Говорил он всё это лишь для приличия. Ибо кто не подчинялся княжеской воле, того раздевали на морозе, били и бросали с моста в проруби на Волхове. Кто не попадал в прорубь, тому приковывали руки к шее и снова бросали в воду. Так было и четырнадцать лет назад, когда Изяслав, тогда ещё удельный, блуждающий князёк, поднимал новгородцев супротив Юрия и был разгромлен ростовскими полками на Ждановой горе. Так было и ныне.
"…благодеяние прародительское…"
Не слышал этого изречения игумена летописец новгородский, когда, обливаясь слезами горя и отчаяния, заносил в харатию: "В то время не было в Новгороде правды и праведного суда, поднялись ябедники, снарядили сборища, обеты и крестные целования на неправду, стали грабить по сёлам, волостям и по городу, и были мы в поругание соседям нашим, были по волостям наезды великие и поборы частые, крик, рыданья, стон и проклятия от всех людей на старейшин наших, на город наш, ибо не было у нас милости и суда праведного".

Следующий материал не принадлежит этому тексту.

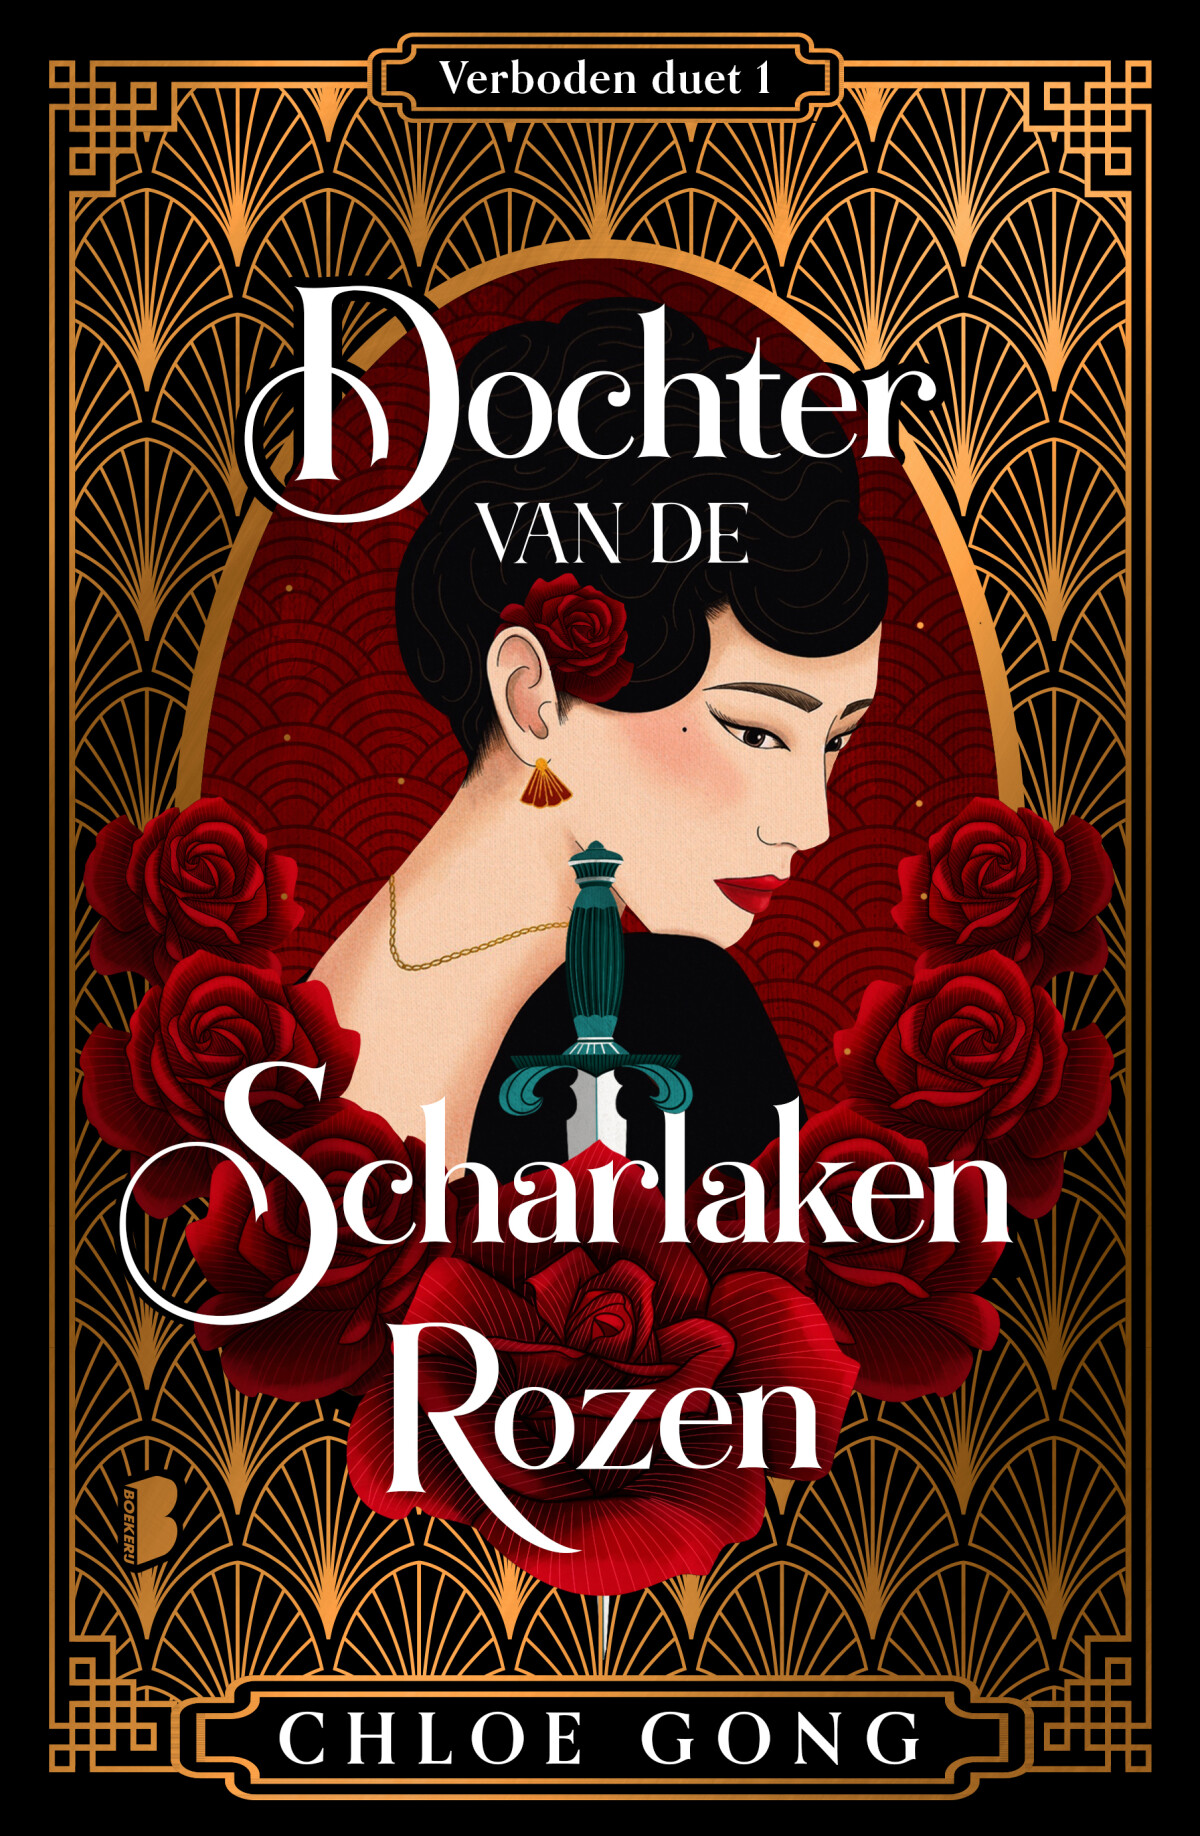 Dochter van de Scharlaken Rozen Ltd.edition

"Ныне пускай тешится, старшинствуя между князьями", - продолжал бормотать игумен об Изяславе, который силой и беспощадным железом собирал себе полки, чтобы ударить последний раз на вечного своего, да и не столько своего, сколько боярского, врага Юрия Суздальского.

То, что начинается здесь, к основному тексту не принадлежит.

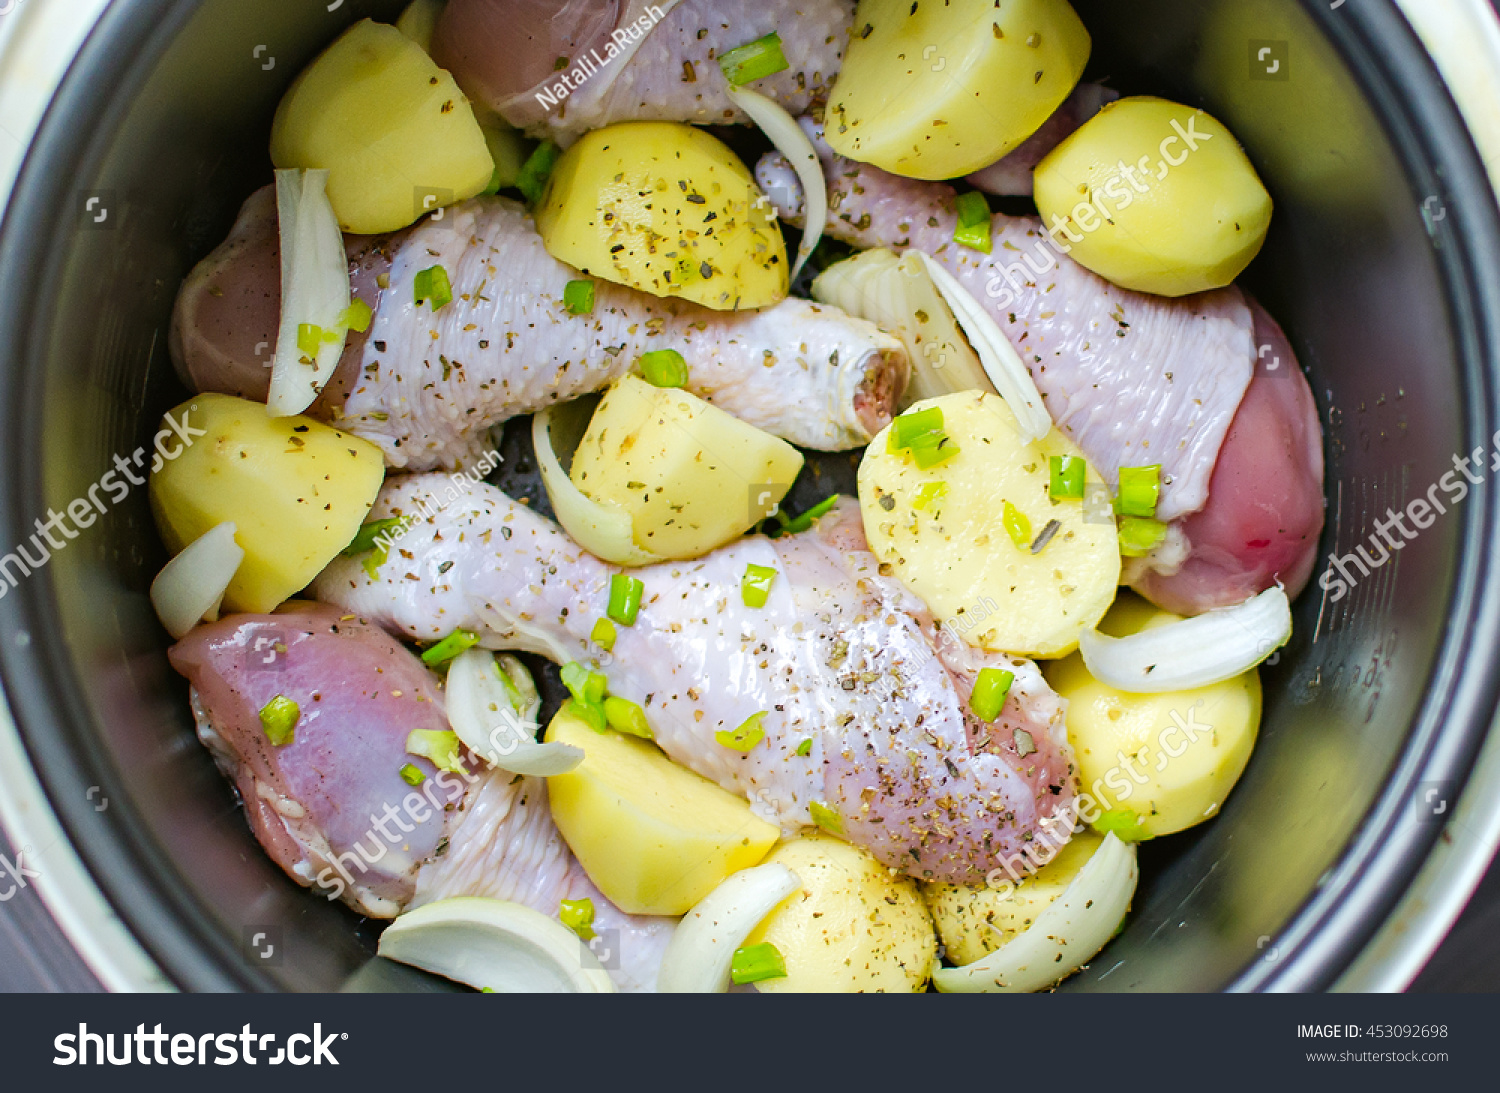 Картошка с курицей в мультиварке редмонд

С ним шли, потому что некуда человеку деваться. Ведь земля не расступится и вверх не взлетишь. Шли из Смоленска, из Новгорода, направлялись на Волгу, к устью Медведицы, где назначен был сбор всем полкам. Ольговичи и Давыдовичи должны были повести свои полки с юга через землю вятичей, мимо Москвы, разрушив этот милый сердцу Долгорукого город, столь ненавистный боярству уже самой смертью одного из тех, кого они готовы были записать чуть ли не в святые великомученики, да ещё не могли никак надумать, за что же ему такая честь.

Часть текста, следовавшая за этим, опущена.